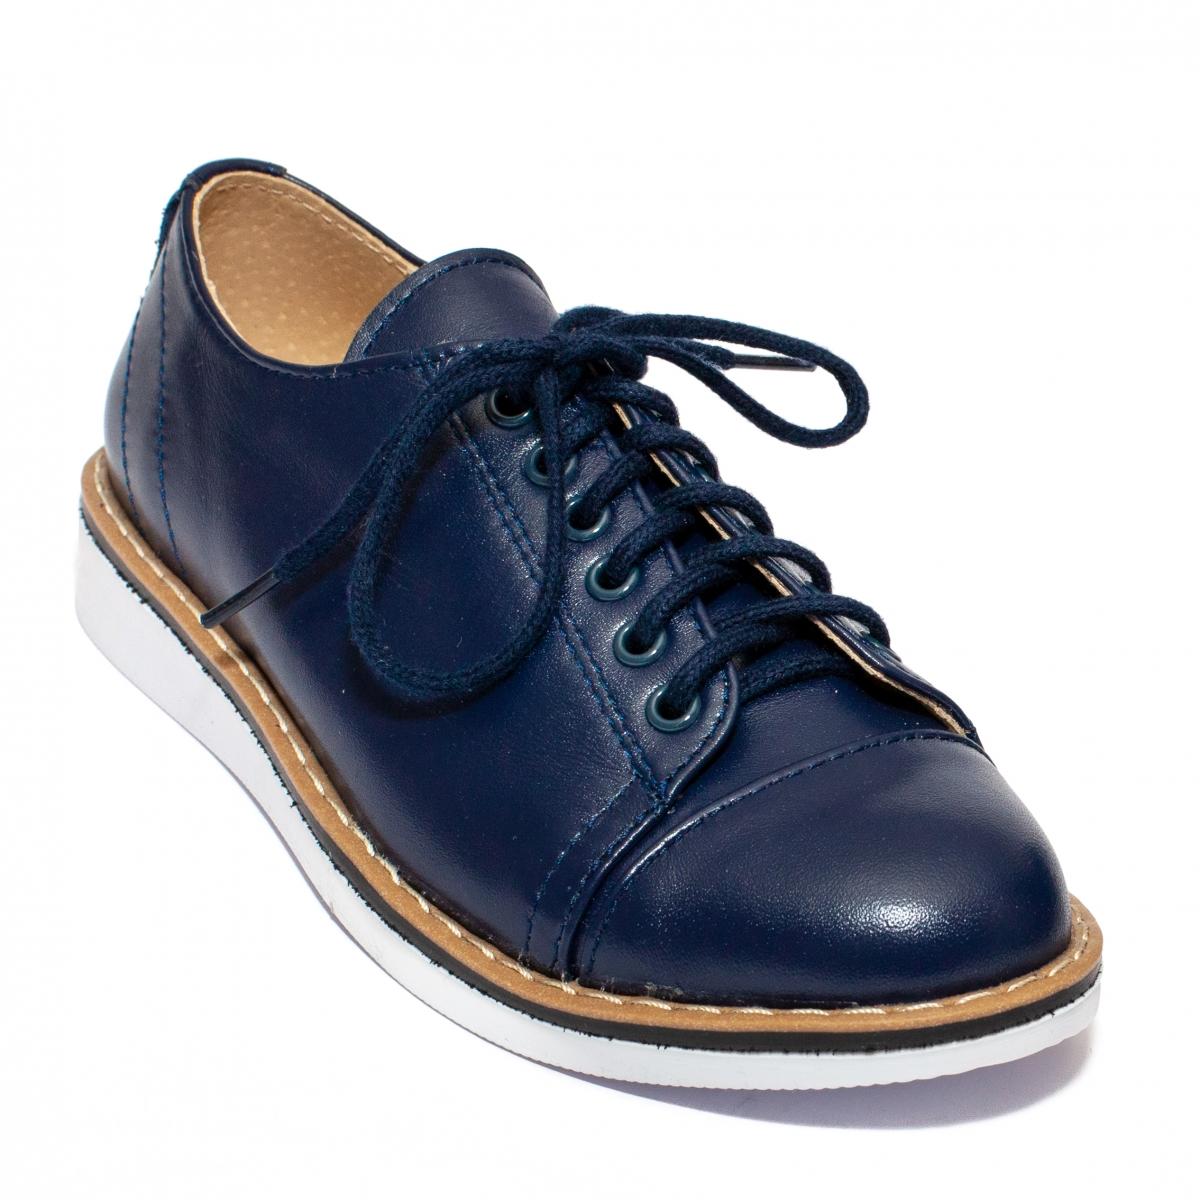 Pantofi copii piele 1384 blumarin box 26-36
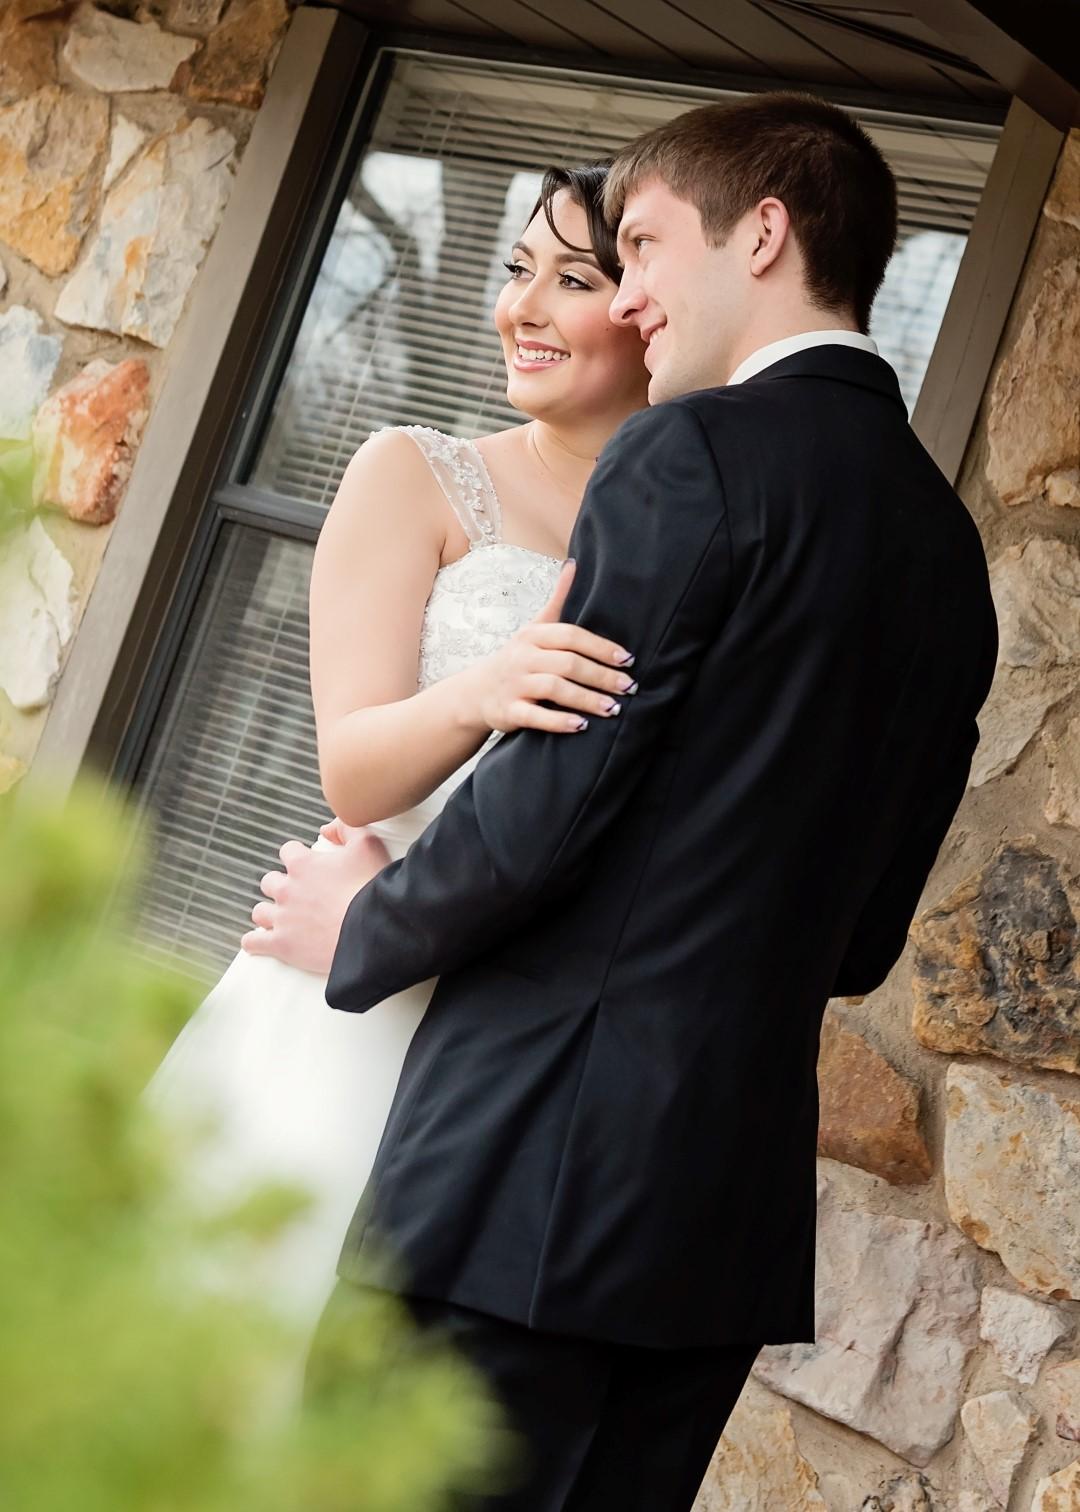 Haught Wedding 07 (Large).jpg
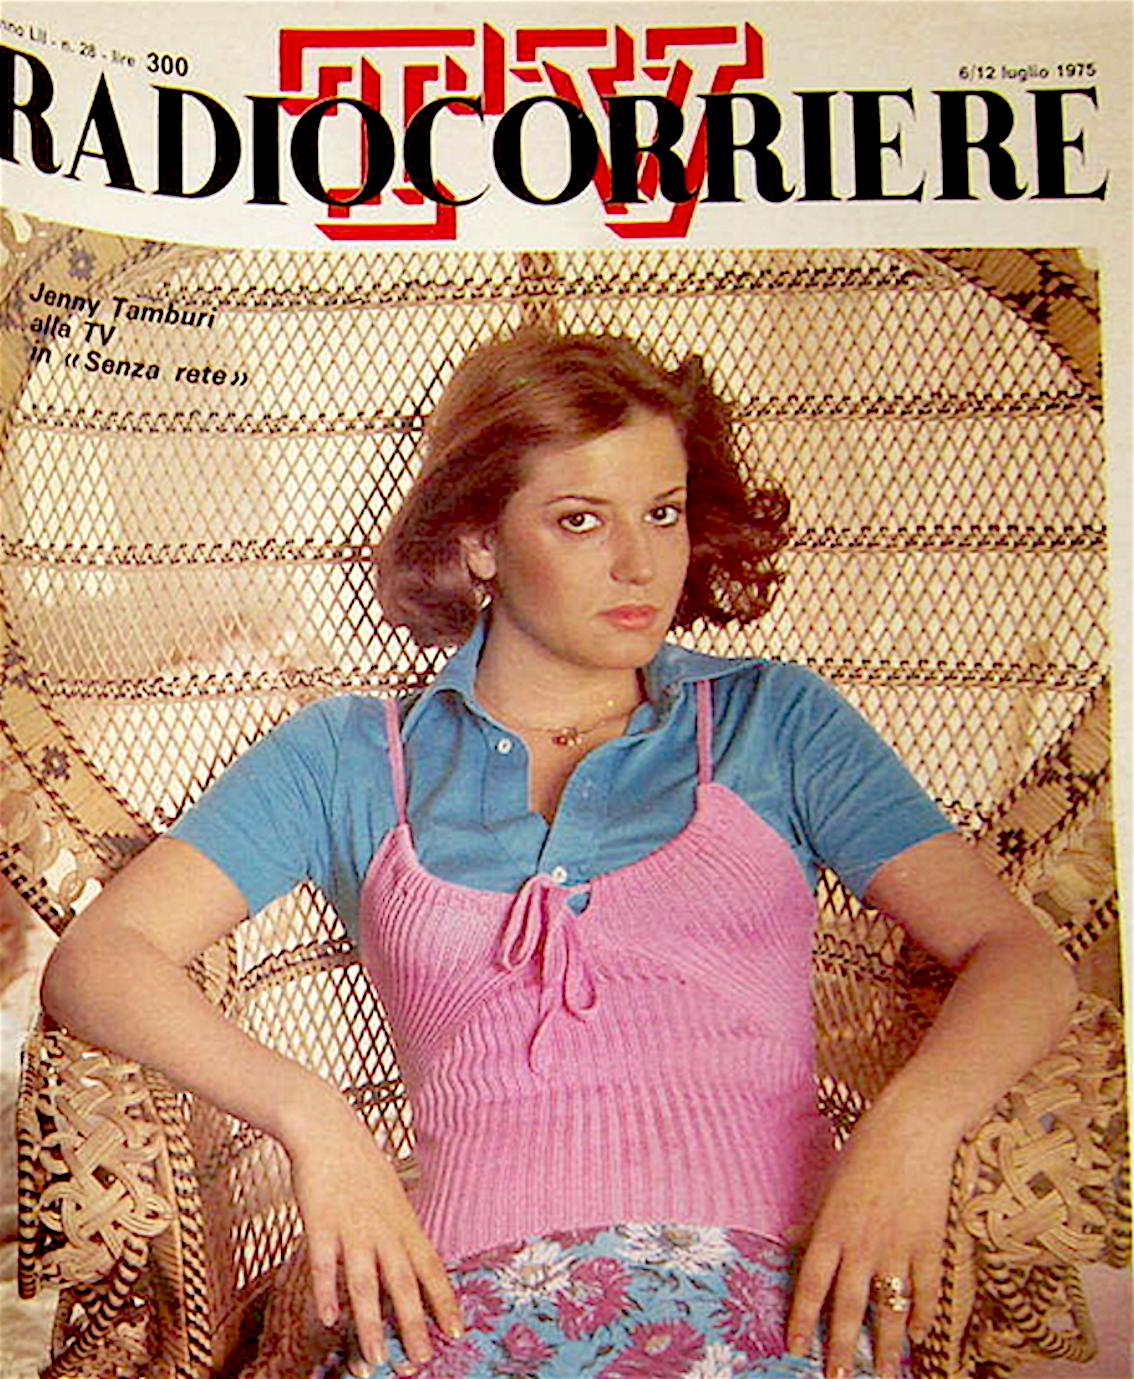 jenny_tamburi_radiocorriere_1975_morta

* * *

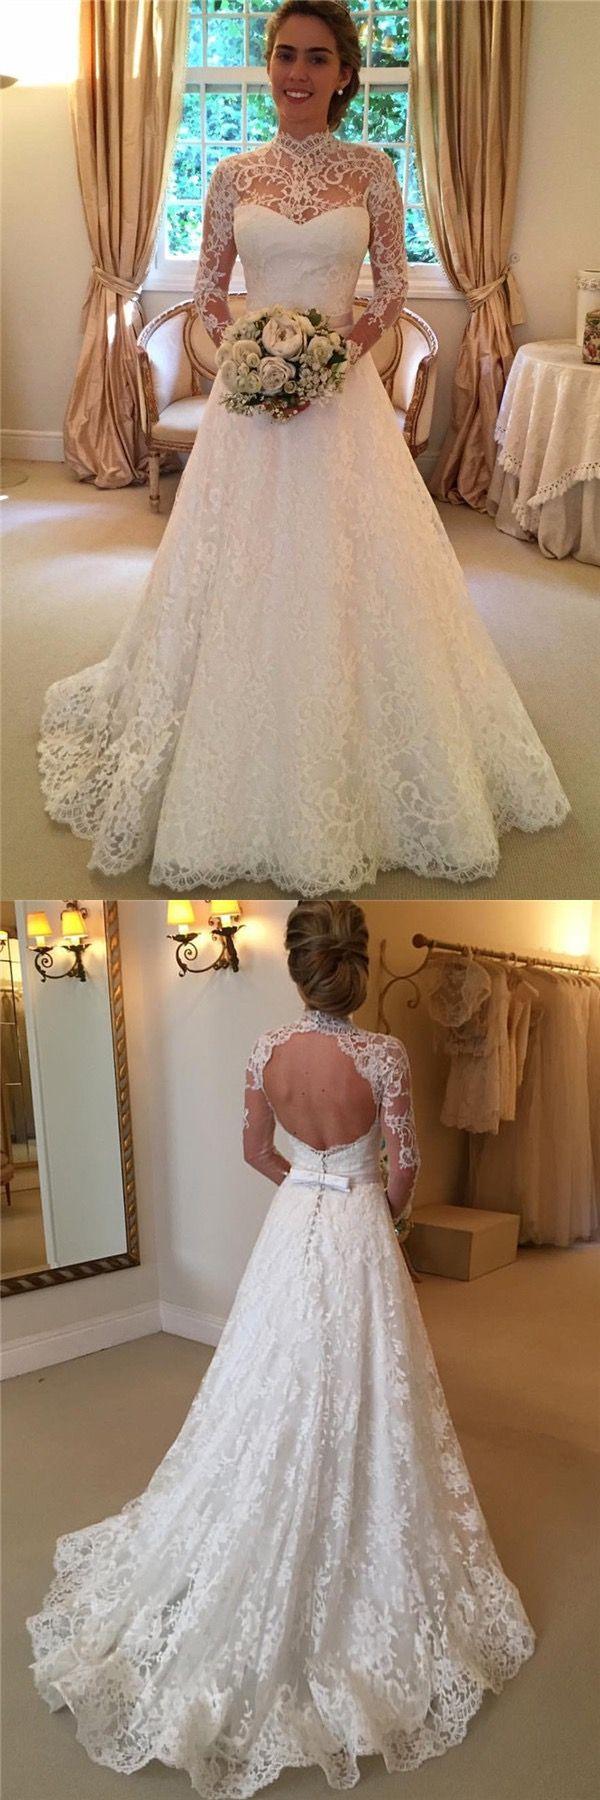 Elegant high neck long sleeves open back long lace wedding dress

• [The task]:
Without the pictures, give again exactly the lines above starting at the line containing "Pantofi copii piele 1384 blumarin box 26-36" and ending at the line containing "jenny_tamburi_radiocorriere_1975_morta".

• [Solution for this task]:
 Pantofi copii piele 1384 blumarin box 26-36
 Haught Wedding 07 (Large).jpg
 jenny_tamburi_radiocorriere_1975_morta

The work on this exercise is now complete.